2026 Guardian Award: Drew Sullivan and Paul Radu
/Each year, the Association of Certified Fraud Examiners (ACFE) presents the Guardian Award to journalists whose pursuit of the truth has significantly contributed to the fight against fraud.
This year, the honor goes to Drew Sullivan and Paul Radu, co-founders of the Organized Crime and Corruption Reporting Project (OCCRP), whose groundbreaking investigative work has exposed corruption, organized crime and financial fraud across borders.
Since founding OCCRP in 2007, Sullivan and Radu built the organization into one of the world’s leading investigative journalism networks. Through cross-border collaborations, innovative reporting techniques and data-driven investigations, OCCRP has helped uncover complex criminal schemes and hold powerful individuals and institutions accountable. Under their leadership, OCCRP has received numerous international honors, and its work on the Panama Papers with the International Consortium of Investigative Journalists contributed to the 2017 Pulitzer Prize for Explanatory Reporting. Most recently, OCCRP’s collaboration with The Boston Globe on the Steward Health Care investigation was named a finalist for the 2025 Pulitzer Prize in Public Service.

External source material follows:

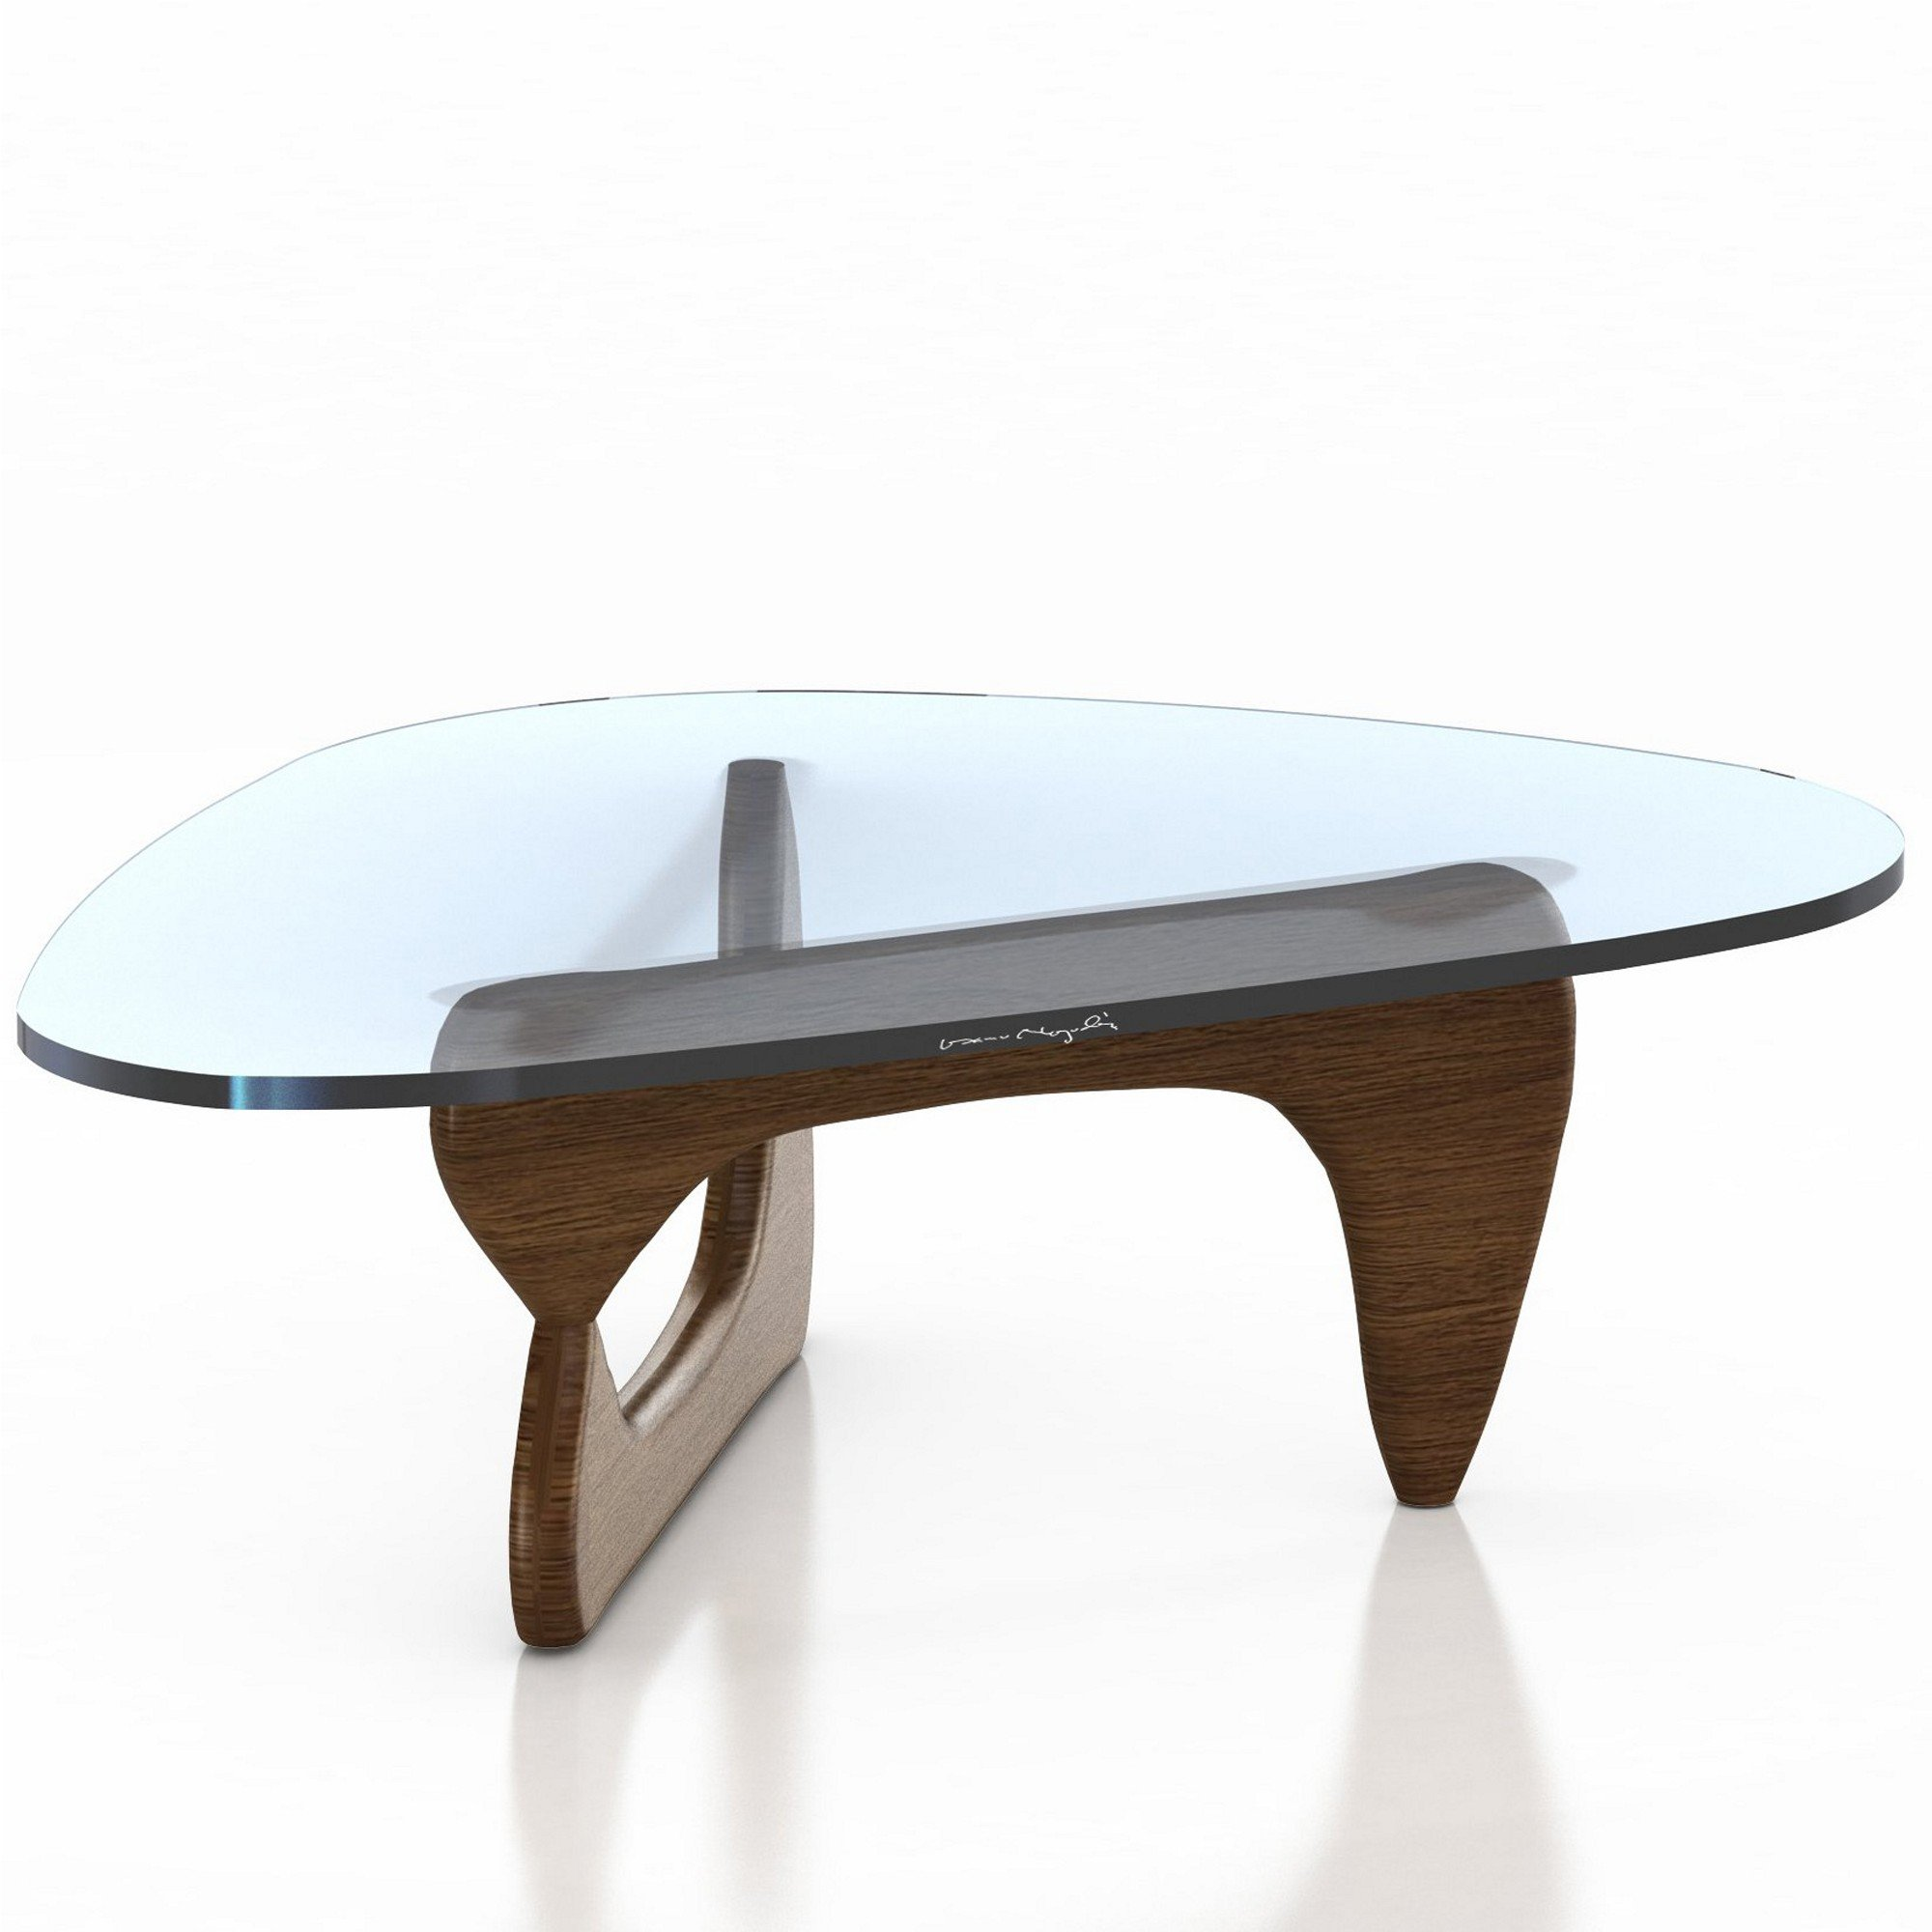 Modern Wood And Glass Coffee Table Modern Centre Table Designs Noguchi Table Coffee Table [ 2000 x 2000 Pixel ]

Drew Sullivan, OCCRP’s co-director and publisher, has spent decades advancing investigative journalism and strengthening the organizations that support it. Prior to co-founding OCCRP, he founded and served as editor for the Center for Investigative Reporting in Bosnia-Herzegovina and worked as an investigative reporter for The Tennessean and the Associated Press’s Special Assignment Team.
Under Sullivan’s leadership, OCCRP has earned numerous distinctions, including the Maria Ressa Prize for Courage in Investigative Journalism, the Missouri Honor Medal, the Global Shining Light Award, the Tom Renner Award for Crime Reporting, the European Press Prize, and the Skoll Award for Social Entrepreneurship. He has also served on the boards of Investigative Reporters and Editors, the National Institute for Computer-Assisted Reporting, and Arab Reporters for Investigative Journalism.
Beyond reporting, Sullivan has worked to strengthen and protect investigative journalism worldwide. He helped create Reporters Shield, a membership program designed to defend journalists against strategic lawsuits against public participation (SLAPPs) and other forms of legal harassment. He also helped to build Floodlight, which connects investigative reporting with the entertainment industry, and Revenue Axis, which helps investigative news organizations strengthen their financial sustainability. In 2022, he served as co-executive producer of the award-winning documentary “The Killing of a Journalist.”
Paul Radu, OCCRP’s co-founder and head of innovation, has pioneered investigative techniques and technologies that help journalists uncover complex financial crime and corruption. He initiated and led the award-winning Russian, Azerbaijani and Troika Laundromat investigations and coined the term “laundromat” to describe large-scale financial fraud vehicles used to move illicit funds. He is also a co-creator of Investigative Dashboard and Visual Investigative Scenarios, tools that help journalists trace people, companies, assets and criminal networks through complex datasets.
Radu has received the Daniel Pearl Award, the Global Shining Light Award, the European Press Prize and the Skoll Award for Social Entrepreneurship. He was part of the Panama Papers team that received the 2017 Pulitzer Prize in Journalism. An Ashoka Global Fellow, Radu has authored and contributed to several publications on investigative reporting and anti-corruption efforts, including “The Data Journalism Handbook” and “Follow the Money: A Digital Guide to Tracking Corruption.” He serves on the board of the Global Investigative Journalism Network, is a member of the International Consortium of Investigative Journalists, and contributes to several international journalism and data reporting initiatives.
Together, Sullivan and Radu have helped redefine investigative journalism by fostering unprecedented collaboration among reporters, news organizations and technology experts. Their commitment to transparency, accountability and public-interest reporting has strengthened efforts to expose corruption and financial crime while inspiring a new generation of investigative journalists.
You can read more about their work and OCCRP’s growth in Fraud Magazine.
The ACFE is proud to recognize Drew Sullivan and Paul Radu’s contributions to investigative journalism and the fight against fraud with the 2026 Guardian Award, which will be presented at the 37th Annual ACFE Global Fraud Conference, July 12–17, 2026.